Neste contexto, segundo Patrícia, o evento poderia ser considerado um serviço de caráter social usado para promover o ex-presidente Lula com recursos públicos, o que é considerado uma conduta vedada pela lei, mesmo ele não tendo registrado a sua candidatura ainda.
“Nenhum direito é absoluto, a própria liberdade de expressão encontra limitações. Se houve um caráter muito mais de promoção de pessoas do que um evento para homenagear o trabalhador, há possibilidade de a Justiça Eleitoral analisar que houve propaganda antecipada”, afirma.
De acordo com a professora, a campanha de Lula pode vir a ser cobrada pelo ato na Justiça Eleitoral depois de registrar sua candidatura, a depender dos elementos de configuração de abuso de poder político, por meio de uma ação de investigação de atos pretéritos. Nesse caso, a ação pode ter como consequência a cassação do registro da candidatura, do diploma de eleito ou mandato, e gerar a inelegibilidade dos agentes envolvidos.
As chances de que isso aconteça, porém, são pequenas, já que a balança tende a pender para a não limitação da liberdade de expressão se não houver elementos bem caracterizados de abuso.
O ônus também poderia recair sobre o administrador público responsável pela liberação do recurso, com base na Lei de Improbidade Administrativa.

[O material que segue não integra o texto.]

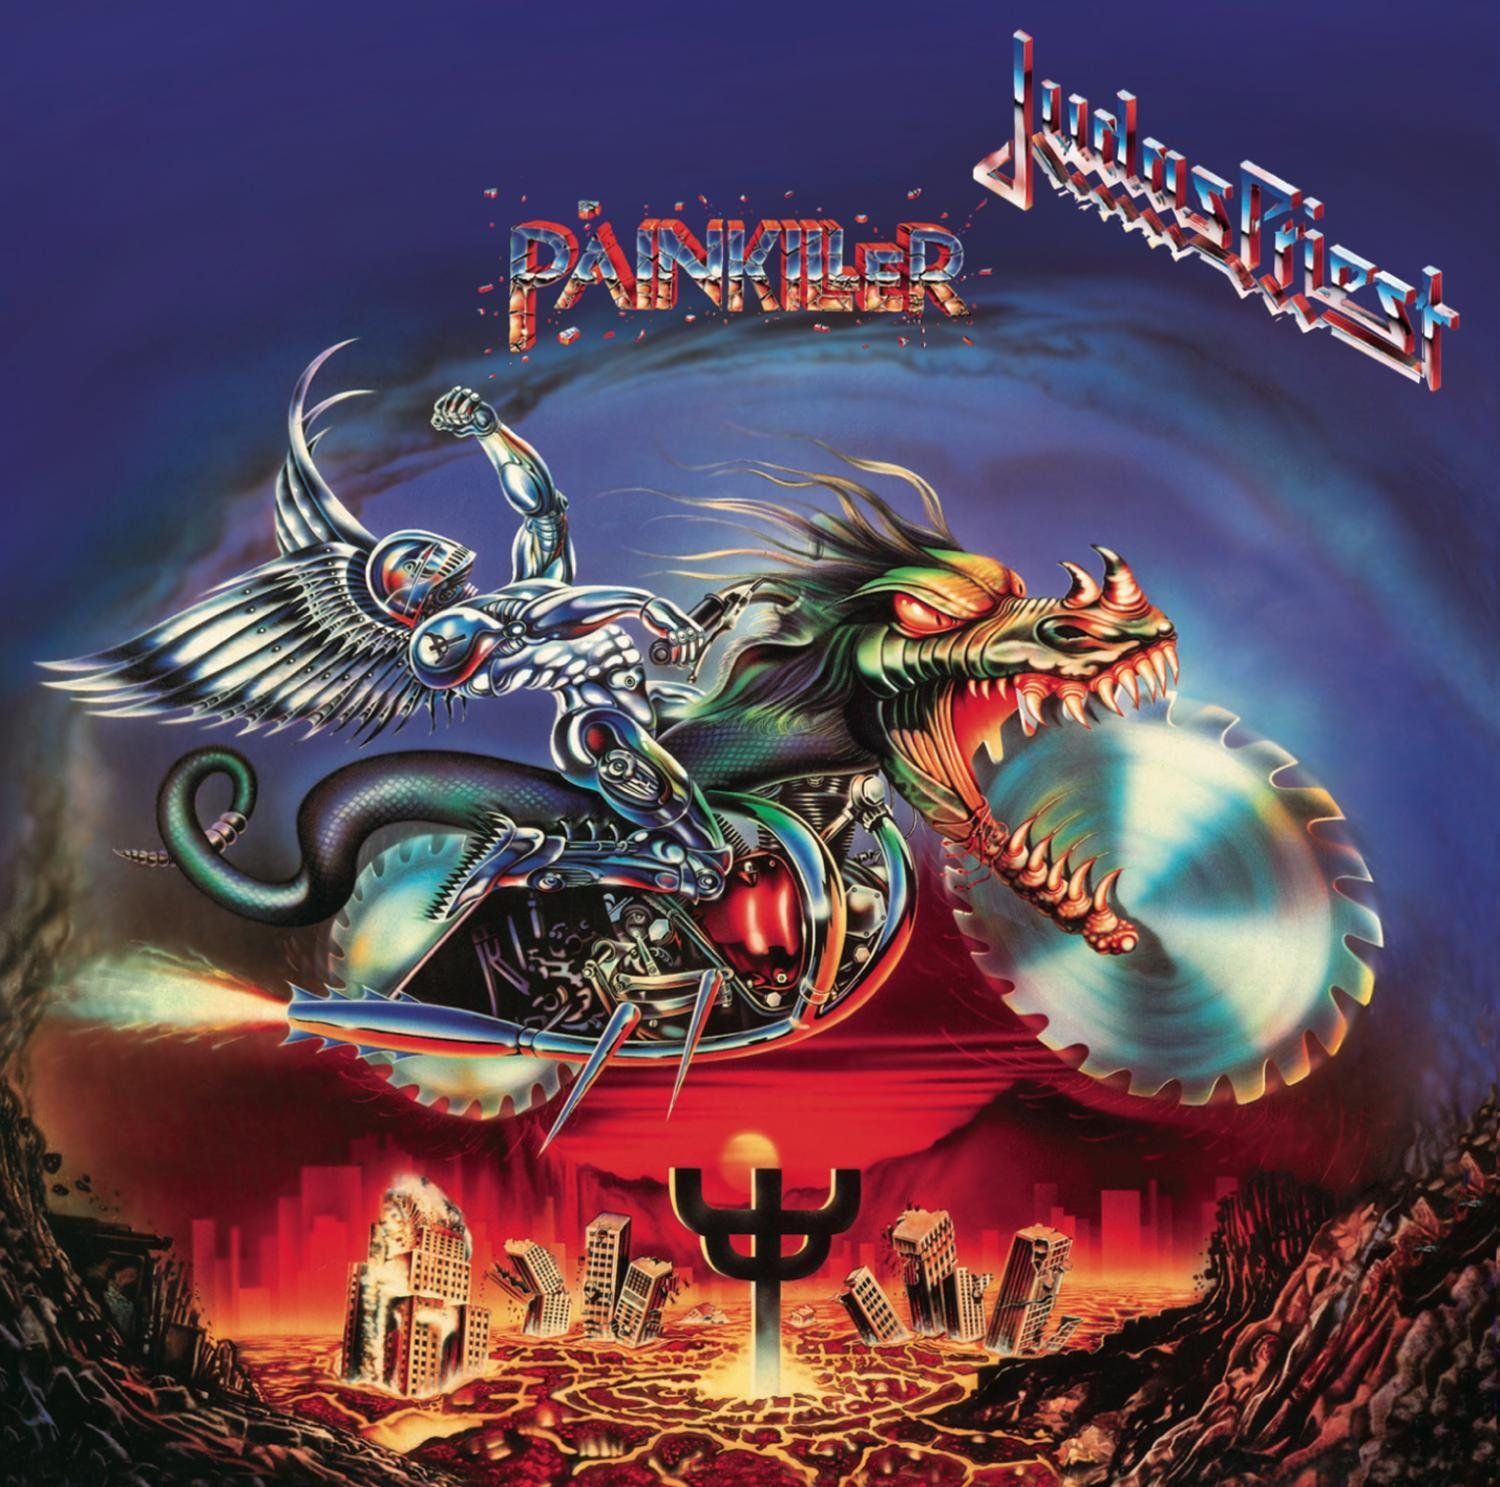 Don Airey spielte Bass auf "Painkiller" von Judas Priest

Contudo, devido a mudanças recentes feitas na legislação, uma punição ao prefeito de São Paulo só ocorreria se fosse comprovado o dolo, ou seja, que ele tinha a intenção de promover o candidato, o que torna mais difícil a aplicação da penalização, já que ele alega que não sabia, no momento em que aprovaram a liberação dos recursos, que falas em favor de um candidato seriam proferidas no evento.
Nesse caso, pesa em favor da defesa de Ricardo Nunes o fato de não haver um elo explícito de apoio político entre ele, que é filiado ao MDB, e o ex-presidente petista.
Na avaliação do advogado eleitoral Alberto Rollo, se comprovada a propaganda eleitoral antecipada, os agentes que devem ser penalizados são aqueles que eventualmente transformaram o evento público em ato político. “A prefeitura tem que reclamar, dinheiro público não é para isso”, afirma.
Em sua defesa, os presidentes das centrais sindicais que organizaram o evento afirmam, em nota conjunta, que as apresentações artísticas contratadas via emendas parlamentares foram realizadas após o encerramento do ato político.